Vertices \(A\) and \(B\) are reflected in the \(y\)-axis, and vertex \(C\) is reflected in the \(x\)-axis. The three image points are
collinear. That is, a line passes through the three image points.

Determine the coordinates of \(C\).

## Solution

When a point is reflected in the \(y\)-axis, the image point has the same
\(y\)-coordinate and the \(x\)-coordinate is \(-1\) multiplied by the pre-image \(x\)-coordinate. Thus, the image of \(A(2,1)\) is \(A'(-2,1)\), and the image of \(B(5,8)\) is \(B'(-5,8)\).

When a point is reflected about the \(x\)-axis, the image point has the same
\(x\)-coordinate and the \(y\)-coordinate is \(-1\) multiplied by the pre-image \(y\)-coordinate.
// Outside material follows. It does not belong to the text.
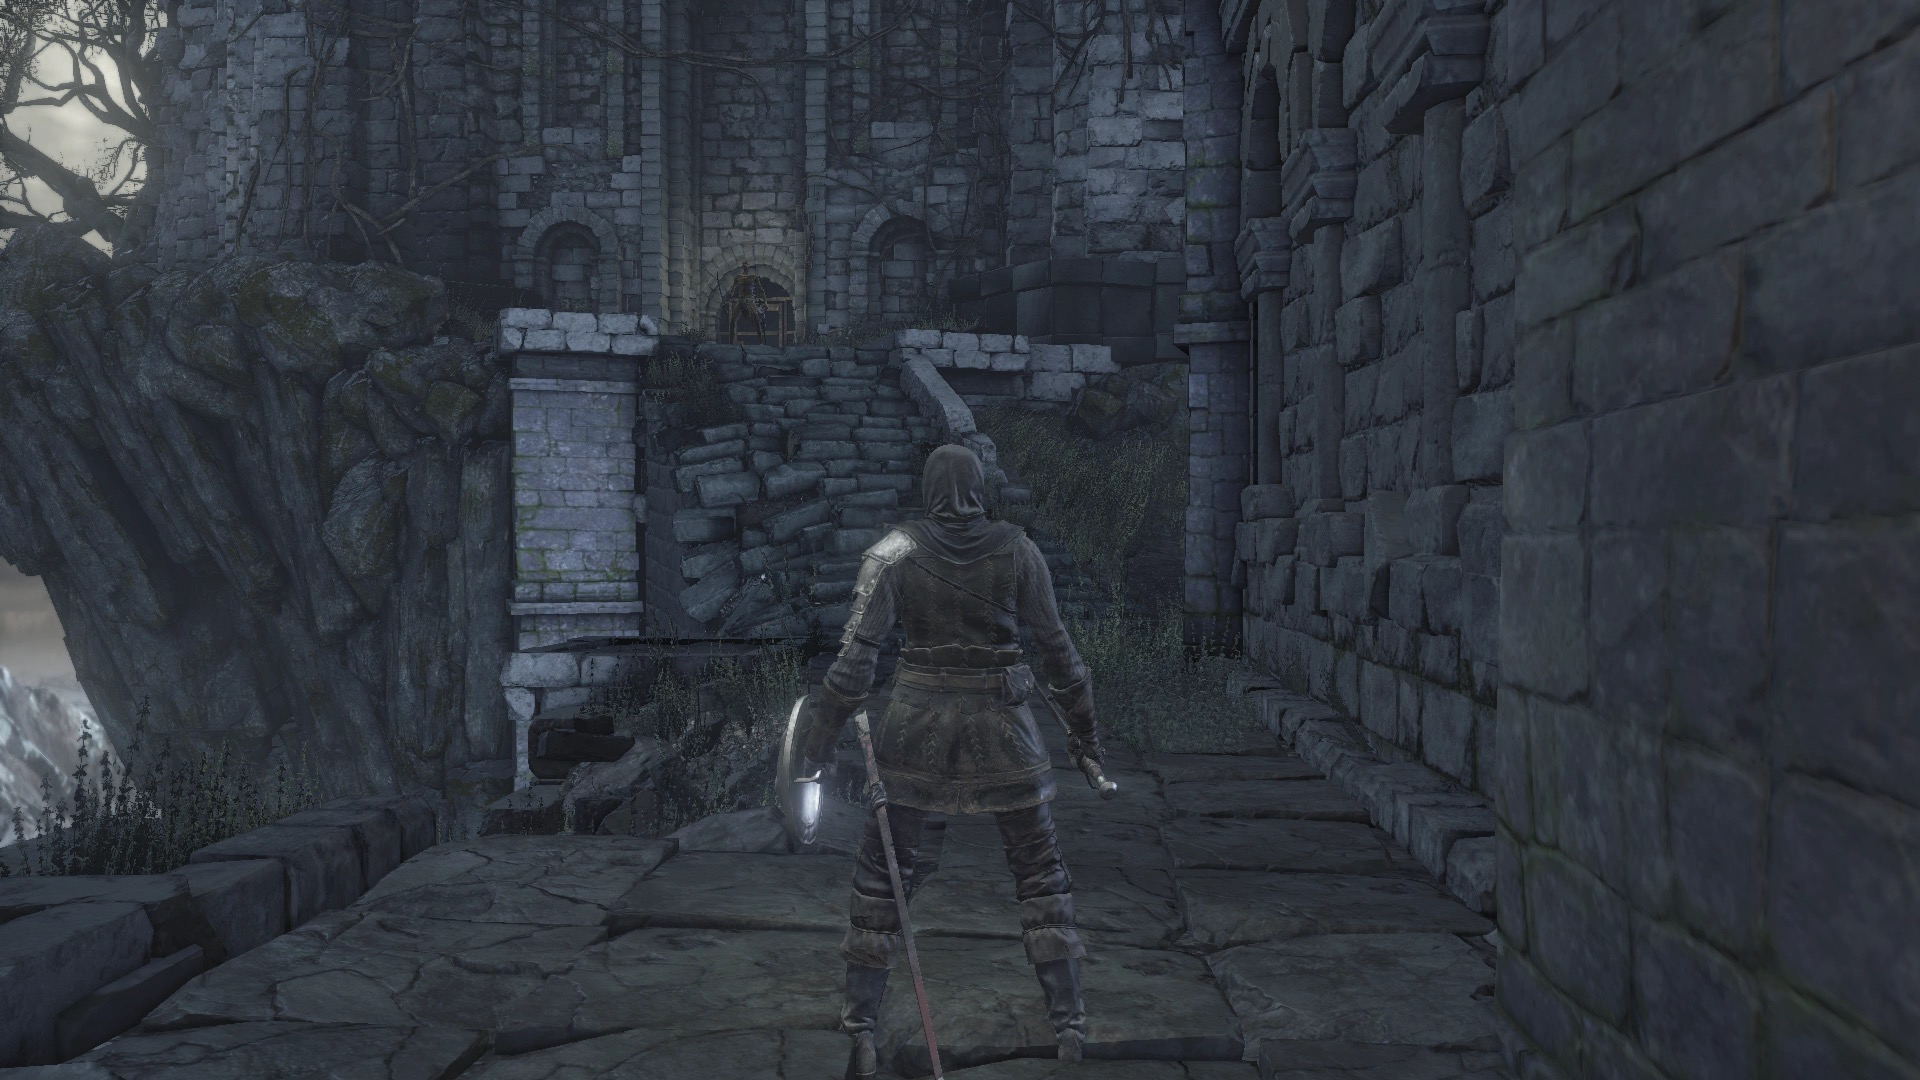 Advantage Max 4 Hd Wallpaper Dark Souls 3 Firelink Shrine Walkthrough Polygon

Thus, the image of \(C(1,c)\) is \(C'(1,-c)\).

The three image points, \(A'\),
\(B'\), and \(C'\), are collinear.

**Solution 1**

In this solution, we find the equation of the line through the three
image points. We begin by first determining the slope of the line, and
then the \(y\)-intercept.

\[\text{slope}(A'B')=\frac{8 -
1}{-5-(-2)} = -\frac{7}{3}\]

Since \(A'(-2,1)\) lies on the
line, we can substitute \(x=-2\), \(y=1\), and \(m=-\frac{7}{3}\) into \(y=mx+b\). \[\begin{aligned}
1&=-\frac{7}{3}\left(-2\right)+b\\
1&=\frac{14}{3}+b \\
b&=1 -\frac{14}{3}\\
&=-\frac{11}{3}
\end{aligned}\]

Thus, the equation of the line through the three image points is
\(y=-\frac{7}{3}x-\frac{11}{3}\). Since
the point \(C'(1,-c)\) lies on this
line, we can substitute \(x=1\) and
\(y=-c\) into the equation to solve for
\(c\).

Thus, \(-c=-\frac{7}{3}\left(1\right)-\frac{11}{3}=-\frac{18}{3}=-6\)
and \(c=6\) follows.

Therefore, the coordinates of \(C\)
are \((1,6)\).

**Solution 2**

Since \(A'(-2,1)\), \(B'(-5,8)\), and \(C'(1,-c)\) are collinear, slope\((A'B')=\) slope\((B'C')\). \[\begin{aligned}
\mbox{slope}(A'B')&=\mbox{slope}(B'C')\\
\frac{8 - 1}{-5-(-2)}&=\frac{-c-8}{1-(-5)}\\
\frac{7}{-3}&=\frac{-c-8}{6}\\
42&=3c+24\\
18&=3c\\
6&=c
\end{aligned}\]

Therefore, the coordinates of \(C\)
are \((1,6)\).